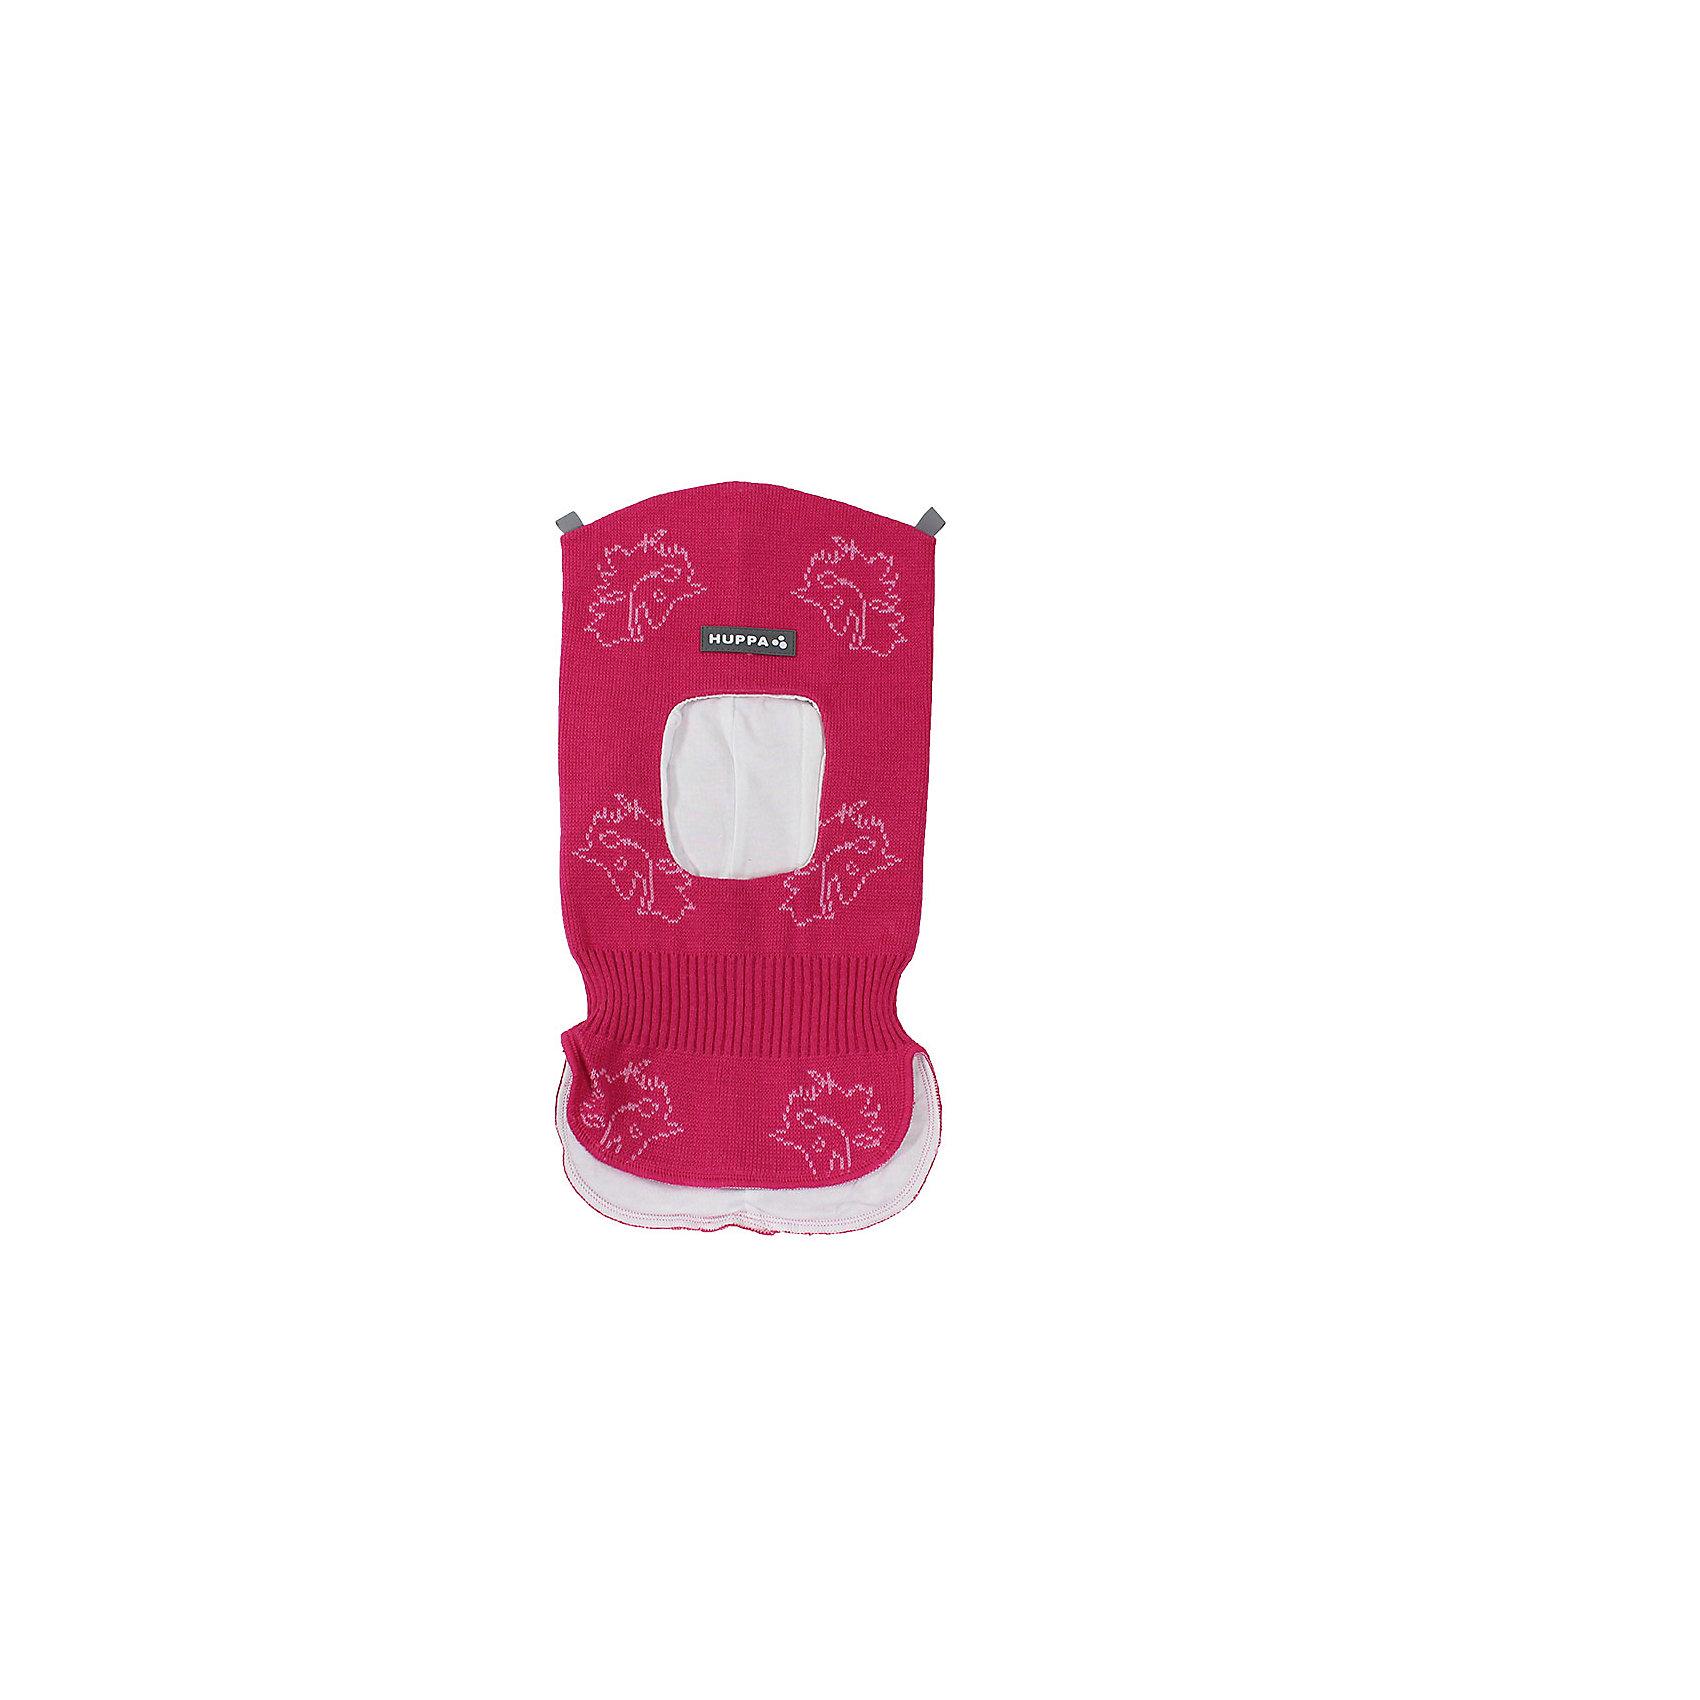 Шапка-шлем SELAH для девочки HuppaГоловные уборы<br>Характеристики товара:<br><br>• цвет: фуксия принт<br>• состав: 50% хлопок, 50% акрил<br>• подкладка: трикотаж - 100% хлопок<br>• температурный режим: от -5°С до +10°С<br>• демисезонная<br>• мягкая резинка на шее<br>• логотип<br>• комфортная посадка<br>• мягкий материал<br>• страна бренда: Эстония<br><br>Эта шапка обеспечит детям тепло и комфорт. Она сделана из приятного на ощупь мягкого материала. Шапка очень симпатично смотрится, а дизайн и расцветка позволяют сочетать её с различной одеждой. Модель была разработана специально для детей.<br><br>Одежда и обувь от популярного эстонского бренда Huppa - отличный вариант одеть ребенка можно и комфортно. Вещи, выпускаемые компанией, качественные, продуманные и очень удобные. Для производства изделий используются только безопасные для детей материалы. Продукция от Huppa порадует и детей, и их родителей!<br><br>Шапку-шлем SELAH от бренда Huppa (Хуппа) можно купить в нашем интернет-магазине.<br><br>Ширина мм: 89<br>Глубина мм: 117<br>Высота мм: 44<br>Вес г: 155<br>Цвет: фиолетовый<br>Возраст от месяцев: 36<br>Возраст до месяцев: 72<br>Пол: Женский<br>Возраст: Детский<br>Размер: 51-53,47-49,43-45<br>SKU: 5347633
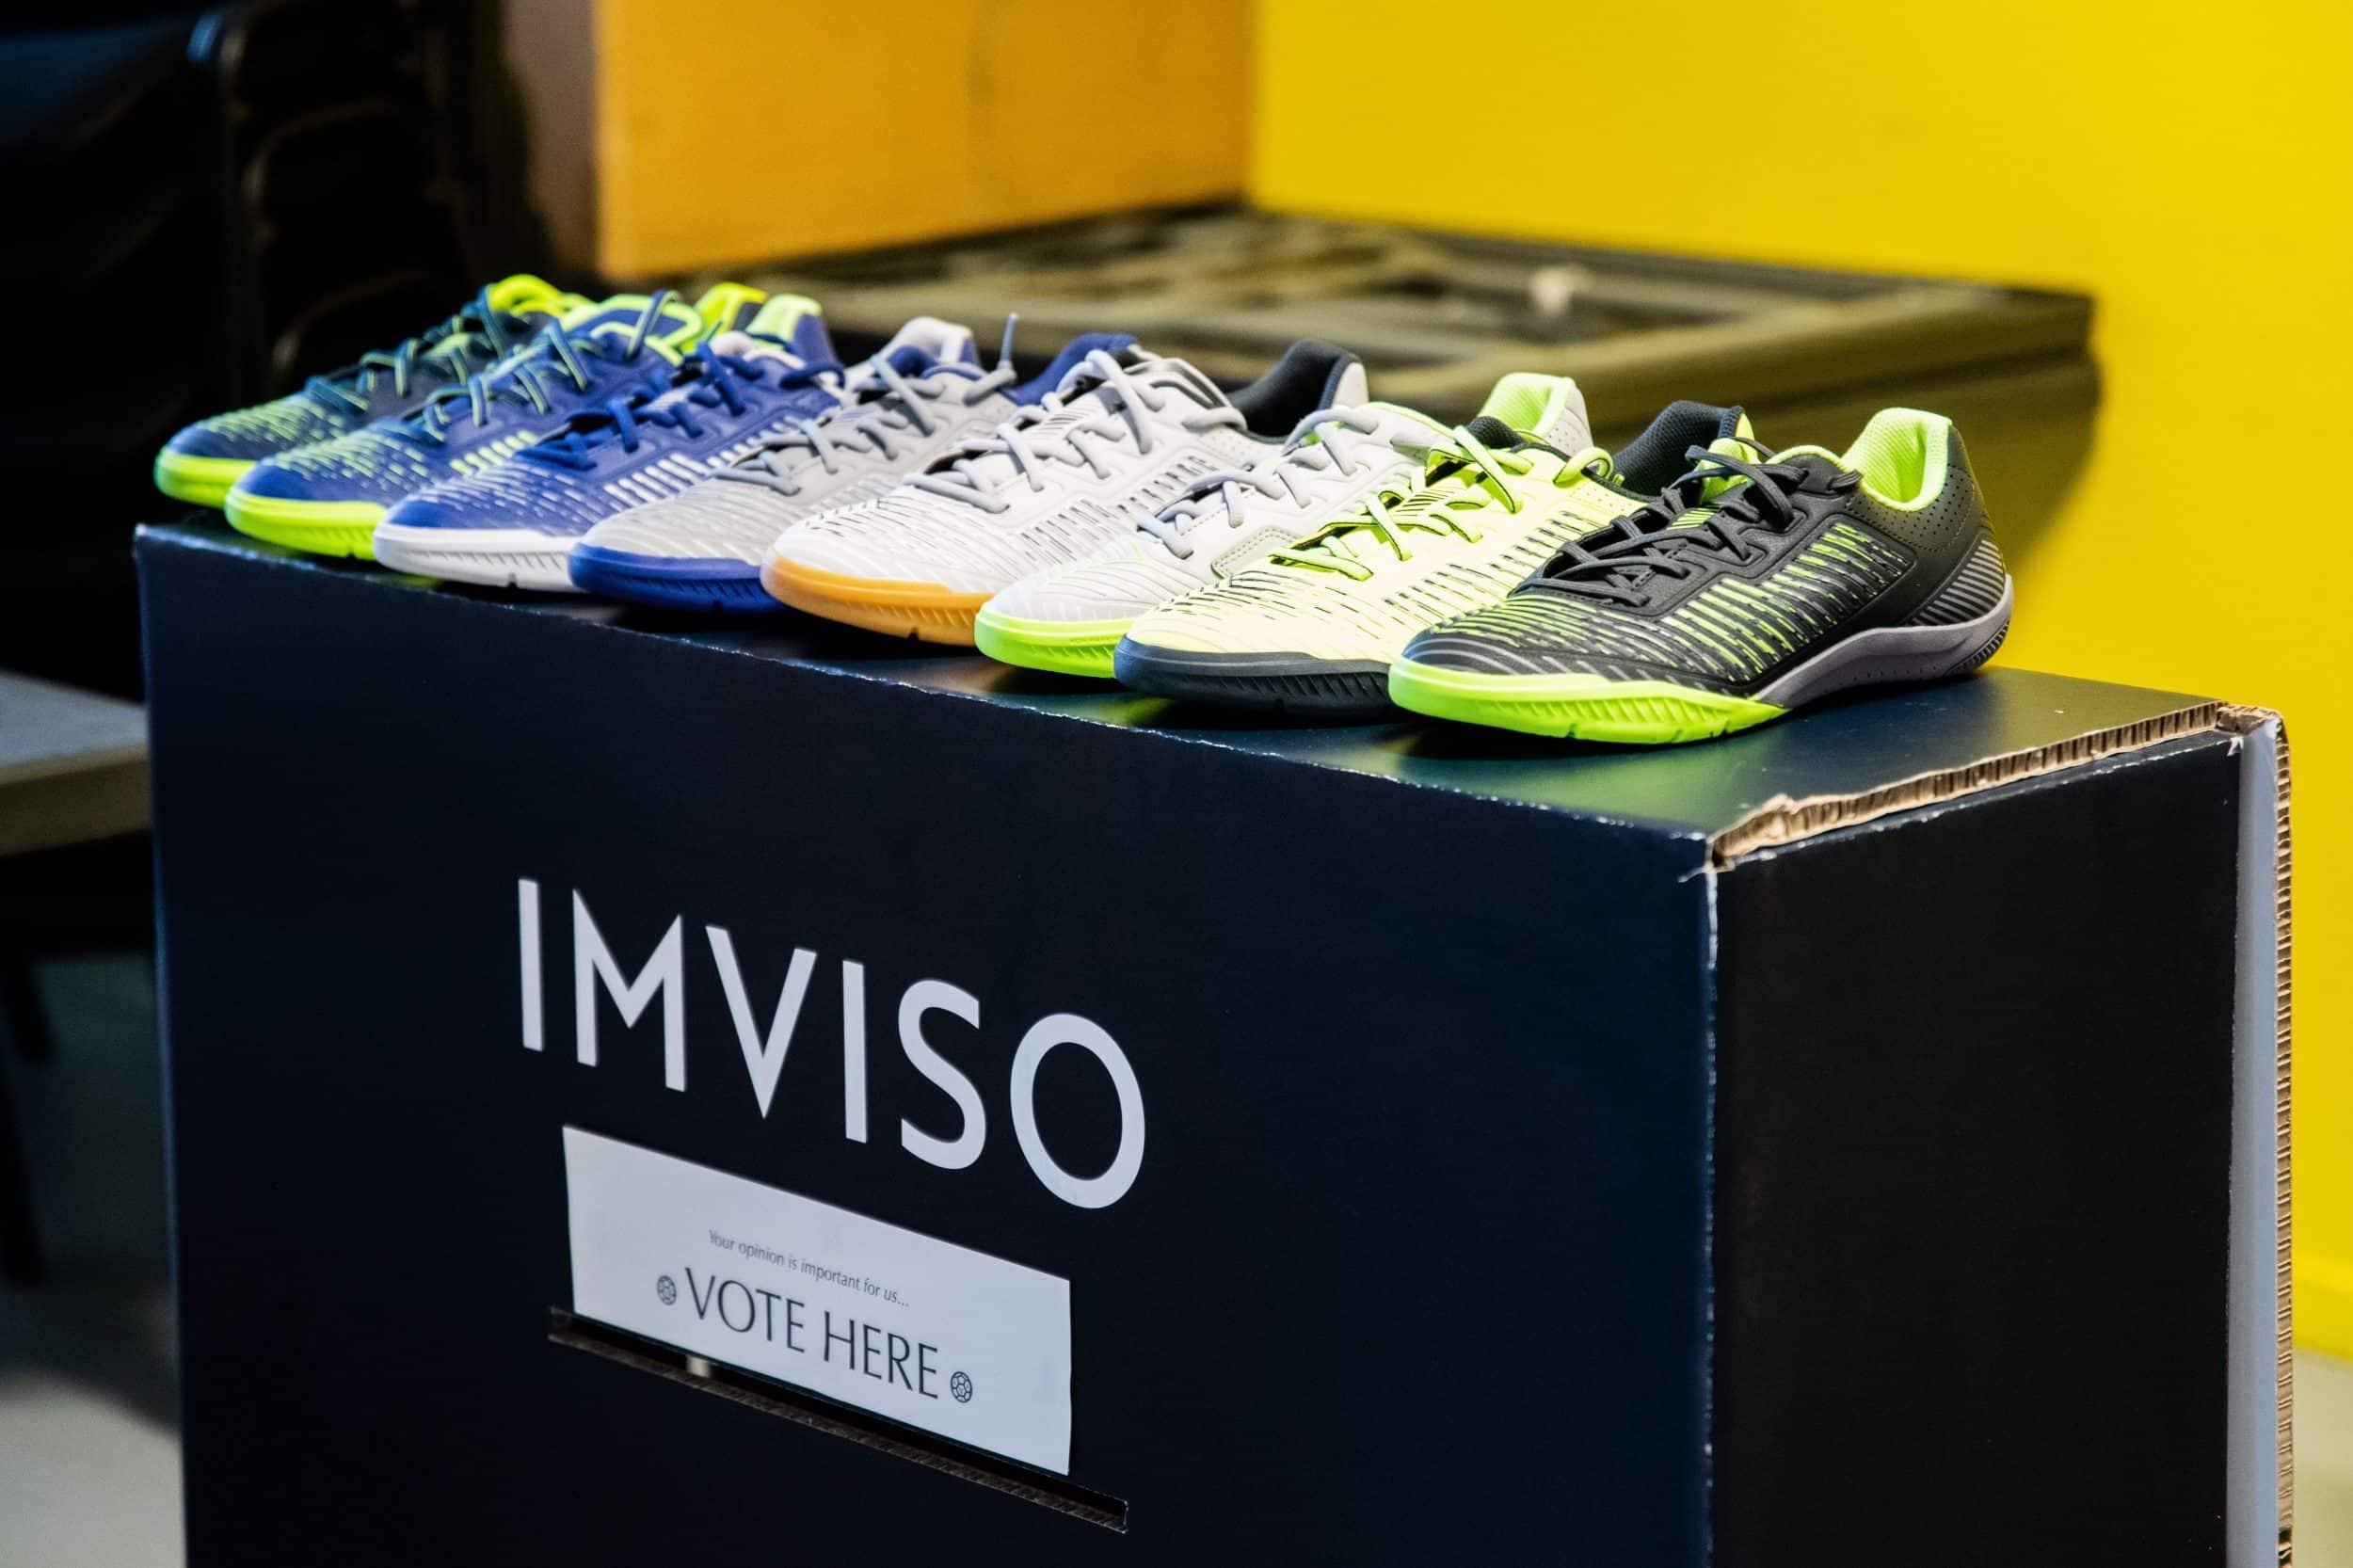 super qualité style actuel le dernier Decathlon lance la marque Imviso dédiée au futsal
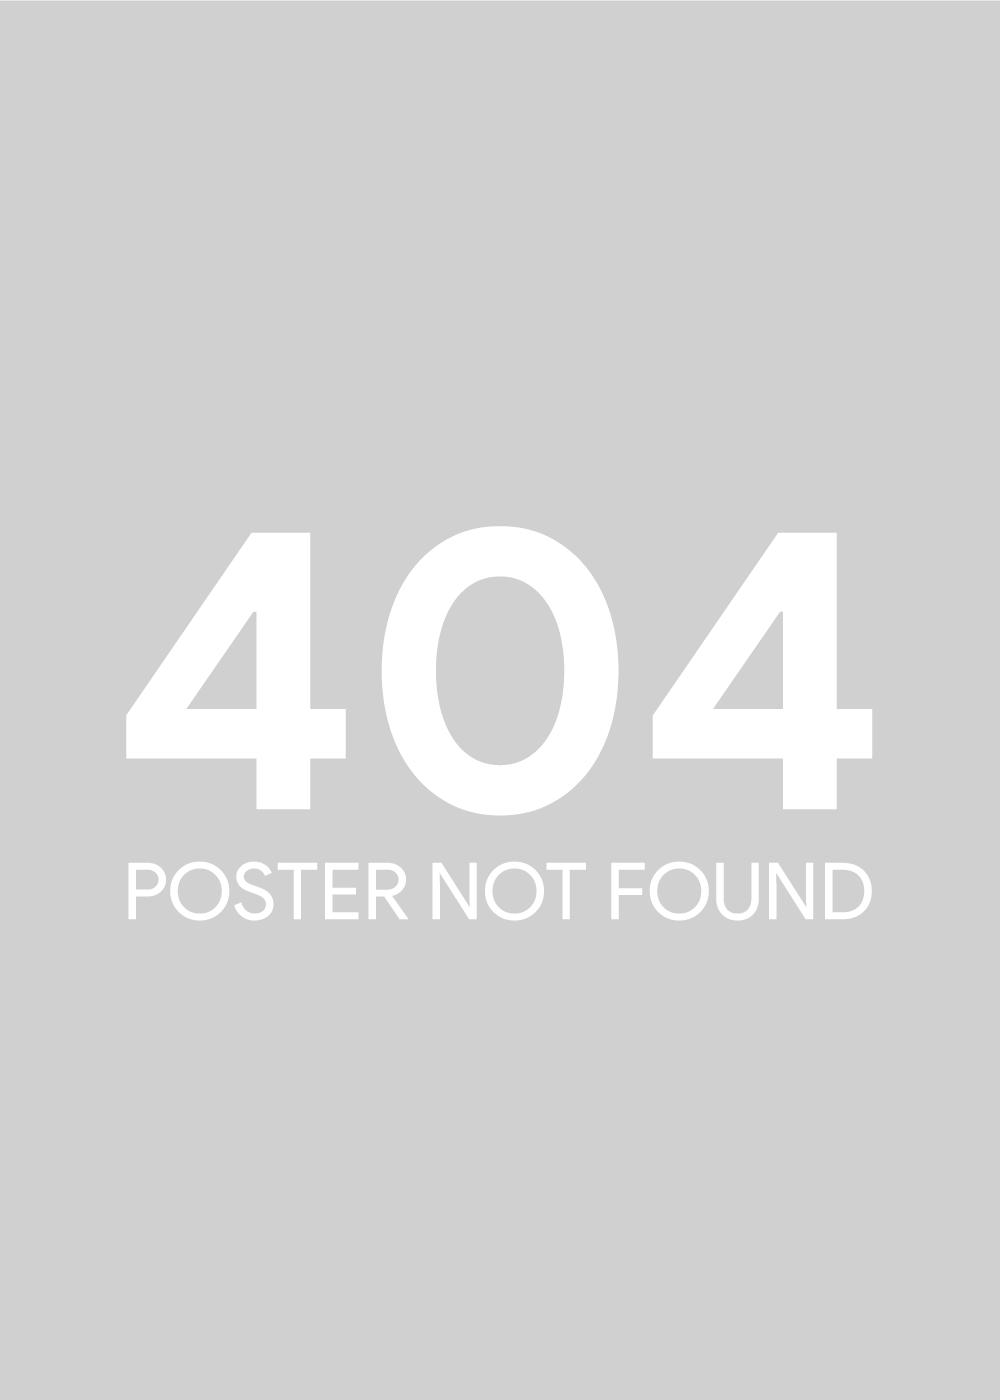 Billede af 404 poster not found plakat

++++++++

Return the complete material exactly as it appears, without images.

 Шапка-шлем SELAH для девочки HuppaГоловные уборы<br>Характеристики товара:<br><br>• цвет: фуксия принт<br>• состав: 50% хлопок, 50% акрил<br>• подкладка: трикотаж - 100% хлопок<br>• температурный режим: от -5°С до +10°С<br>• демисезонная<br>• мягкая резинка на шее<br>• логотип<br>• комфортная посадка<br>• мягкий материал<br>• страна бренда: Эстония<br><br>Эта шапка обеспечит детям тепло и комфорт. Она сделана из приятного на ощупь мягкого материала. Шапка очень симпатично смотрится, а дизайн и расцветка позволяют сочетать её с различной одеждой. Модель была разработана специально для детей.<br><br>Одежда и обувь от популярного эстонского бренда Huppa - отличный вариант одеть ребенка можно и комфортно. Вещи, выпускаемые компанией, качественные, продуманные и очень удобные. Для производства изделий используются только безопасные для детей материалы. Продукция от Huppa порадует и детей, и их родителей!<br><br>Шапку-шлем SELAH от бренда Huppa (Хуппа) можно купить в нашем интернет-магазине.<br><br>Ширина мм: 89<br>Глубина мм: 117<br>Высота мм: 44<br>Вес г: 155<br>Цвет: фиолетовый<br>Возраст от месяцев: 36<br>Возраст до месяцев: 72<br>Пол: Женский<br>Возраст: Детский<br>Размер: 51-53,47-49,43-45<br>SKU: 5347633
 super qualité style actuel le dernier Decathlon lance la marque Imviso dédiée au futsal
 Billede af 404 poster not found plakat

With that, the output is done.